Welcome back to another episode of Pickled Parables.
My name is Hunter Hoover, and I have the honor of sharing with you this week.
But before we begin, Merry Christmas.
If you're listening to this on the day it releases, it's Christmas morning.
And one of the things that often happens this time of season is we kind of get lost in the bustle.
Those who are in the church or around the church have heard the Christmas story, and oftentimes we hear it.
And it's one of those stories that kind of lives in our Christian catalog of great seasonal stories.
And because we revisit it every year, sometimes we can fall into the habit of hearing the story and nodding along during the season.
If you are not in the church or not a part of the church, I would encourage you to become a part of a church.
But for those purposes, the Christmas story, in a nutshell, is Jesus Christ was born to the Virgin Mary.
She and her husband-to-be Joseph travel to Bethlehem because of a census, and when they get there, there is no room for them.
And so Mary is forced to have her baby boy in a stable nearby.
And shepherds in the fields, in the surrounding area, see this star, and there is this angel choir that appears to them, and it communicates the birth of the son of David and tells them that this is the son of God to be worshiped.
In other parts of the Gospel accounts of the story, we read of the three wise men who travel from afar to come and give gifts and give worship to this baby Jesus.
He was probably a bit older by then.
And this is the story.
It's the one that is captured in the scene of every nativity scene this time of year.
The other thing that happens in the holiday season is we can get into the habit of rushing around and some rushing around is good as we are serving and giving back and giving gifts and celebrating.
We have much to celebrate this season.
I do not share that brief Christmas story to say that it is not a story worth sharing and it is not a story worth celebrating.
It is.
The goal of this episode is to increase our appreciation for the gift God gave us of His Son as we observe this Christmas day.
When I was a kid, I think probably most children in the fourth through eighth grade demographic wanted a Nintendo Wii.
The trouble was, Nintendo had no way of knowing how difficult the Nintendo Wii would be to get.
I remember my mom, and I knew what she was doing.
I knew she was trying to lock down the Nintendo Wii, but she would go out and she was checking stores and running in, and it truly felt like Arnold Schwarzenegger's character in Jingle All the Way.
He's trying to lock down the Turbo Man.
My mom is trying to lock down the Nintendo Wii.
As Christmas got closer and it got closer, I started to not really see a box under the tree that was Nintendo Wii shaped, and it was a bummer.
Then as Christmas morning started and you start unwrapping your gifts, you unwrap your gifts, unwrapped a container that I presumed was a movie.
Then I opened it up and there it was, a Nintendo Wii game.

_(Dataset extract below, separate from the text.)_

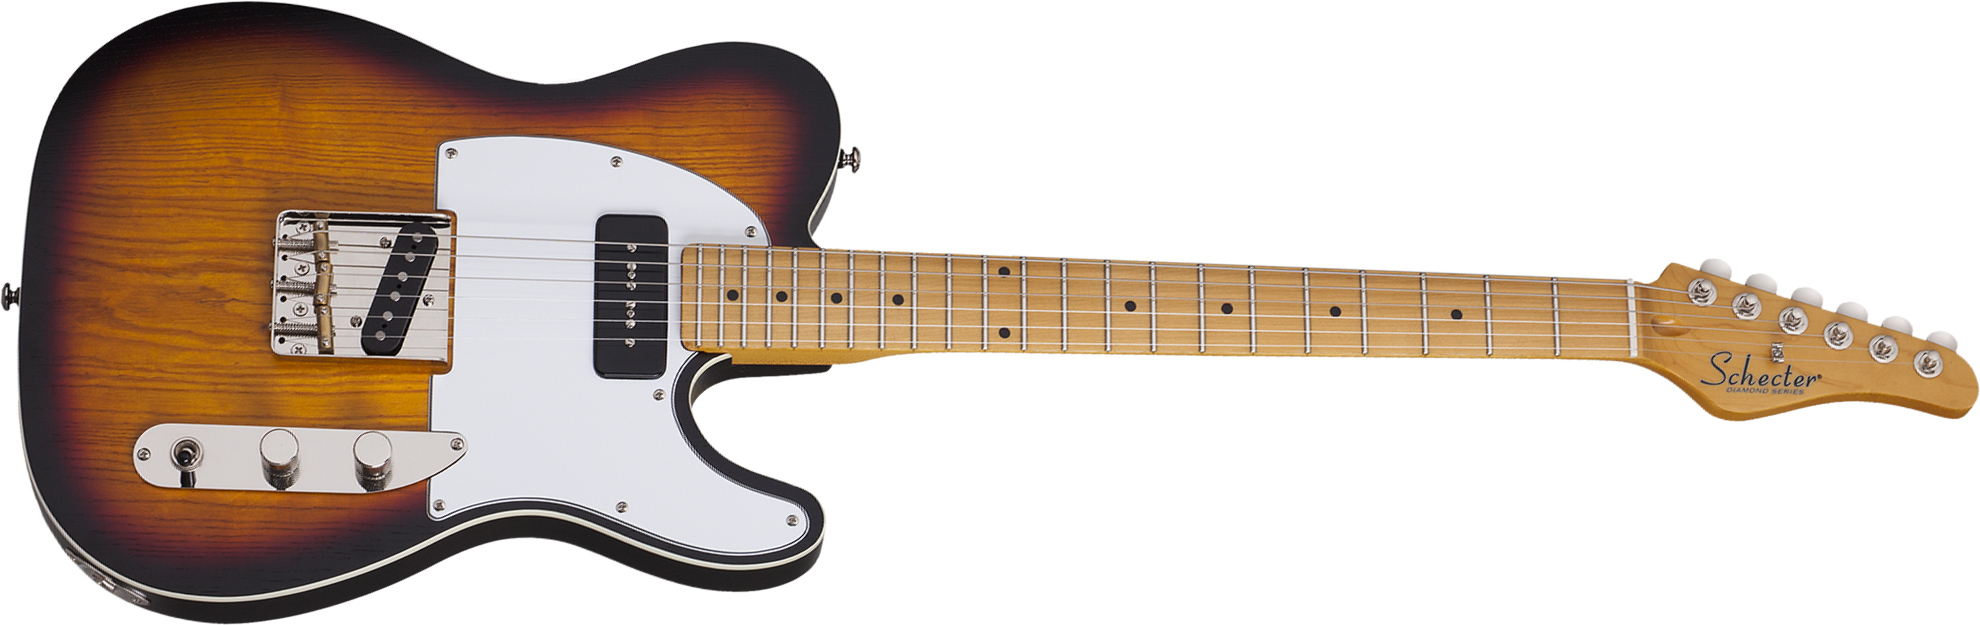 Schecter Pt Special 2s Ht Mn - 3-tone Sunburst Pearl - Tel shape electric guitar - Main picture

This would have been a moment of absolute excitement had I already opened a Nintendo Wii, but with no Nintendo Wii, a game for the system did me little good as a child.
My mom taught me to appreciate the things you get even if they're not exactly what you want.
And so I was like, oh, thank you, you know, tried to not focus on the fact that I couldn't play it.
About five to ten gifts later, in the back where I couldn't see it as well was a Nintendo Wii.
It gave purpose to the game.
And that Nintendo Wii, though I was going to get it, it came at a time that just seemed, it seemed so perfect, it gave purpose to this other stuff.
Sometimes we receive a gift and we receive it and we don't really appreciate its value until we take a look at it or until it is realized in another light.
This also happened recently with Ana and I's, we had a freezer unit go out in our garage and almost the same couple days that our freezer went out, a local food bank was selling their old freezers for a tenth of a price of a new one and we were able to procure a new freezer without really losing much if any of our food.
You might hear these stories and you might say, oh, that's a happy coincidence or man, Hunter's really lucky to have gotten a Nintendo Wii.
I was.
And those things might be true, but I'm going to tell you that while I might not have been thanking God for this Nintendo Wii, looking back, I think my parents pulled a funny on me by giving me the game first.
But I was very thankful to them for understanding that I needed the one for the other.
I was very thankful to God that our freezer went out when it did and that we were able to get a new one so quickly.
Sometimes gifts mean more to us when we get them at the right time or when we really need them.
Today on the show, to increase our appreciation of God's gift of Jesus Christ this Christmas day, we're going to look at how God's timing was perfect in Christmas.
Sometimes things in our lives or in history play out and God lets us see how perfect His timing is in those things.
Other times, God's timing is perfect, and we can miss it or it takes some work to recognize how good God's timing is.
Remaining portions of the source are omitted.